> **Recorded information**
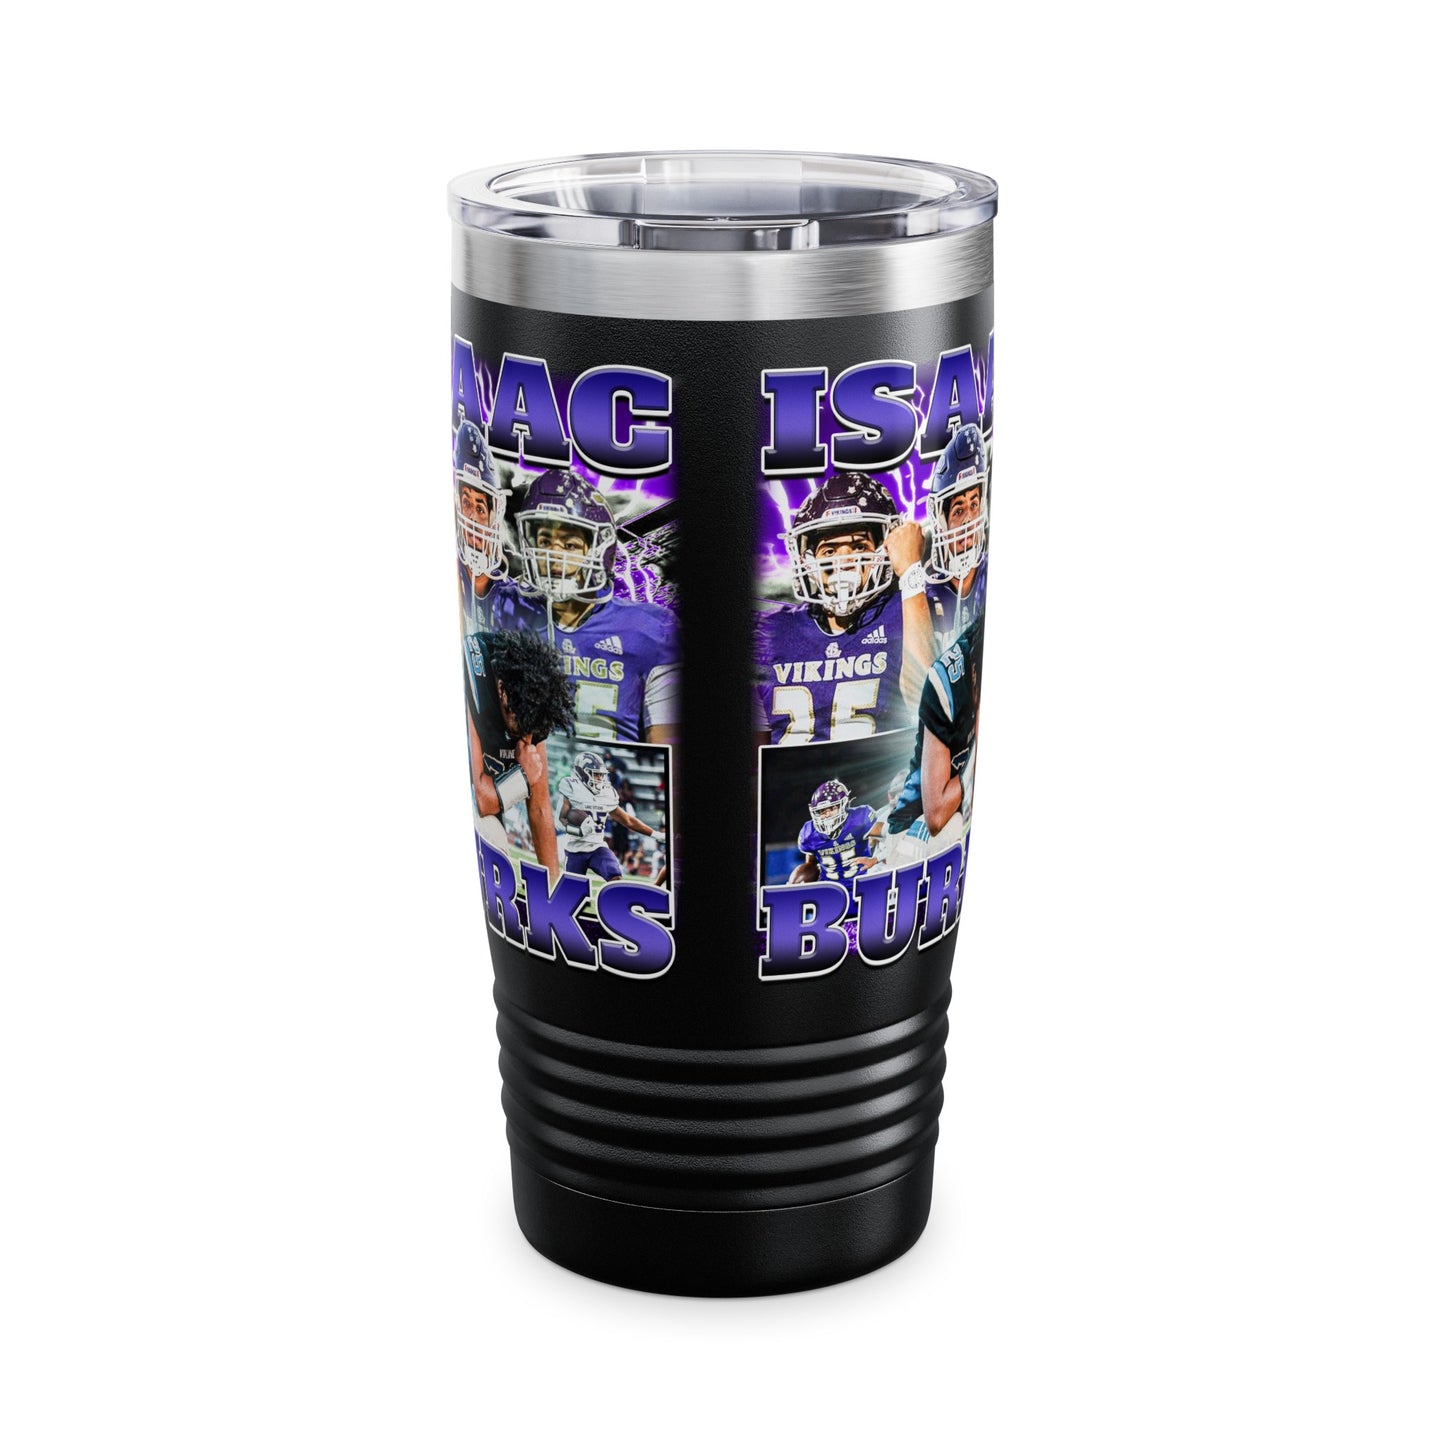 Isaac Burks Stainless Steal Tumbler
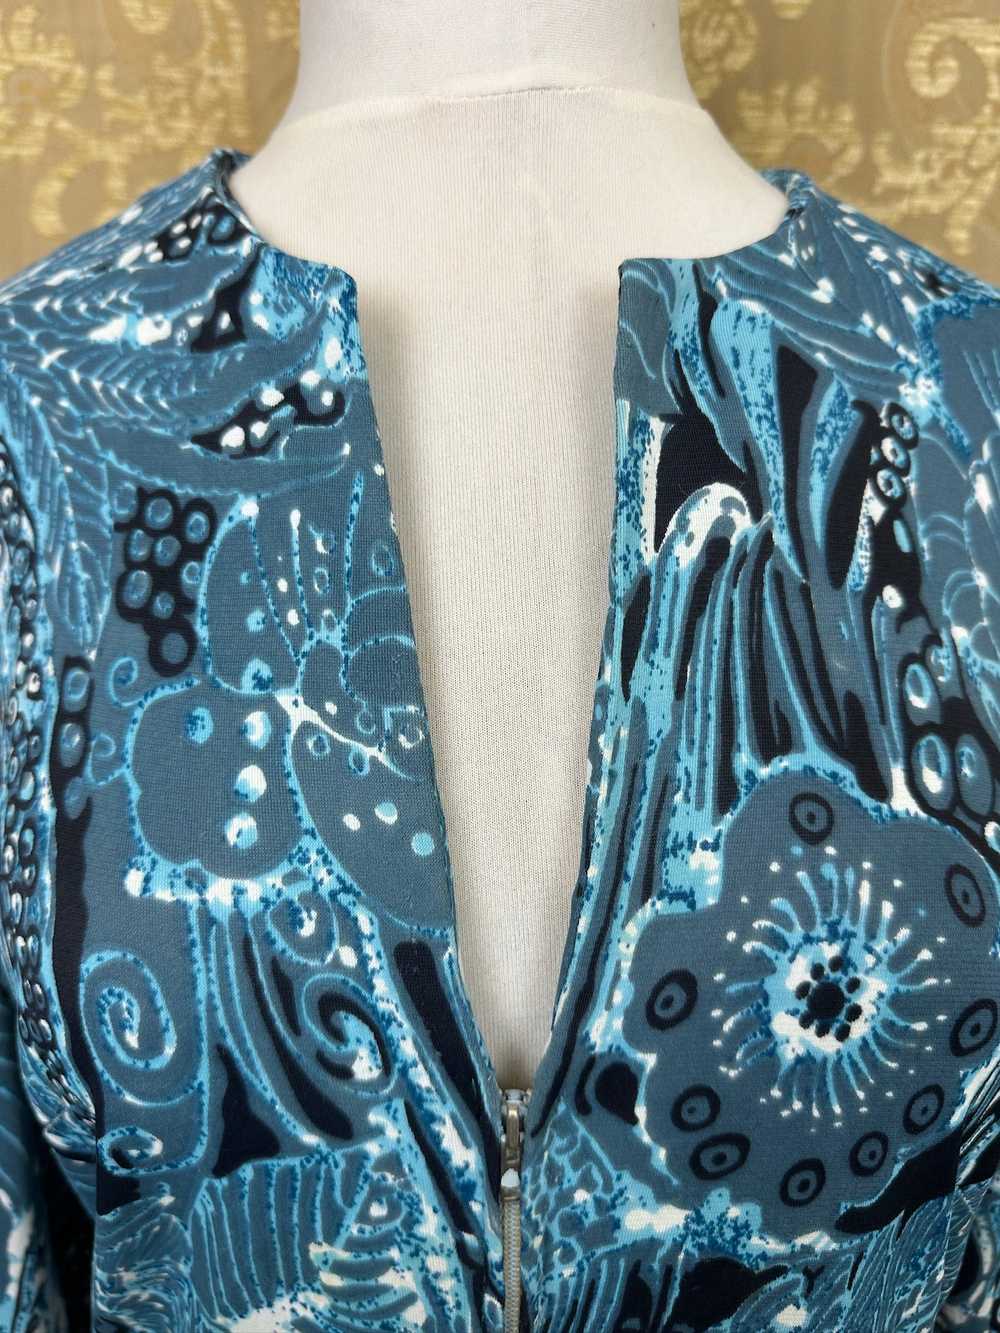 B40” 1970s Homemade Blue Psychedelic Print Maxi D… - image 3
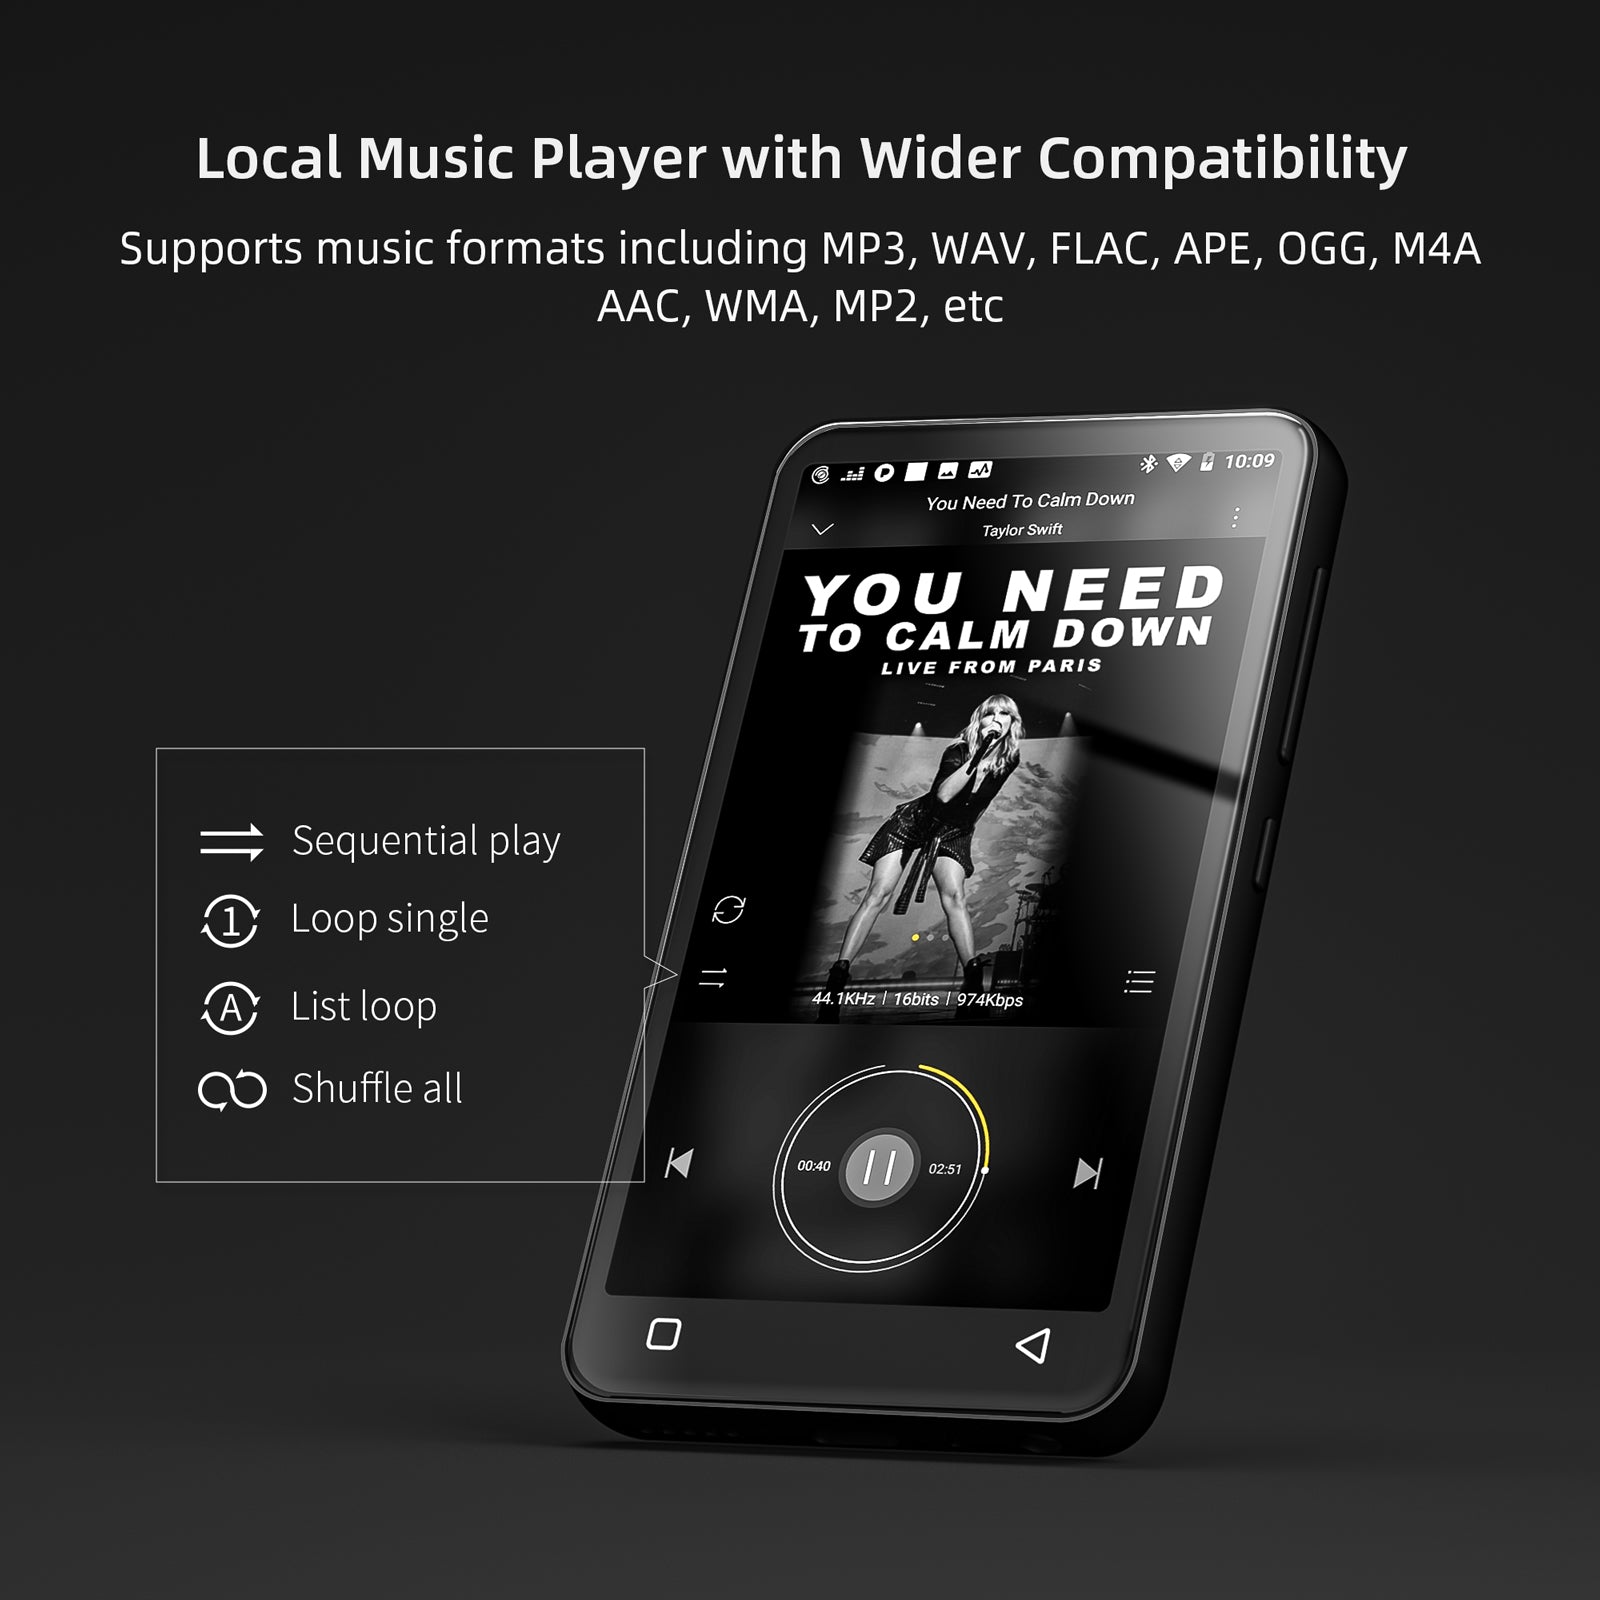 MP3 Player with Bluetooth and WiFi, 4" Full Touch Screen MP4 MP3 Player with Spotify, Android Streaming Music Player with Pandora, Portable HiFi Sound Walkman Digital Audio Player with Speaker

> **Exercise aim**
Return only the lines from the start of the data through the line that contains "D… - image 3", please, copying them exactly and omitting all pictures.

> **Result below**
 Isaac Burks Stainless Steal Tumbler
 B40” 1970s Homemade Blue Psychedelic Print Maxi D… - image 3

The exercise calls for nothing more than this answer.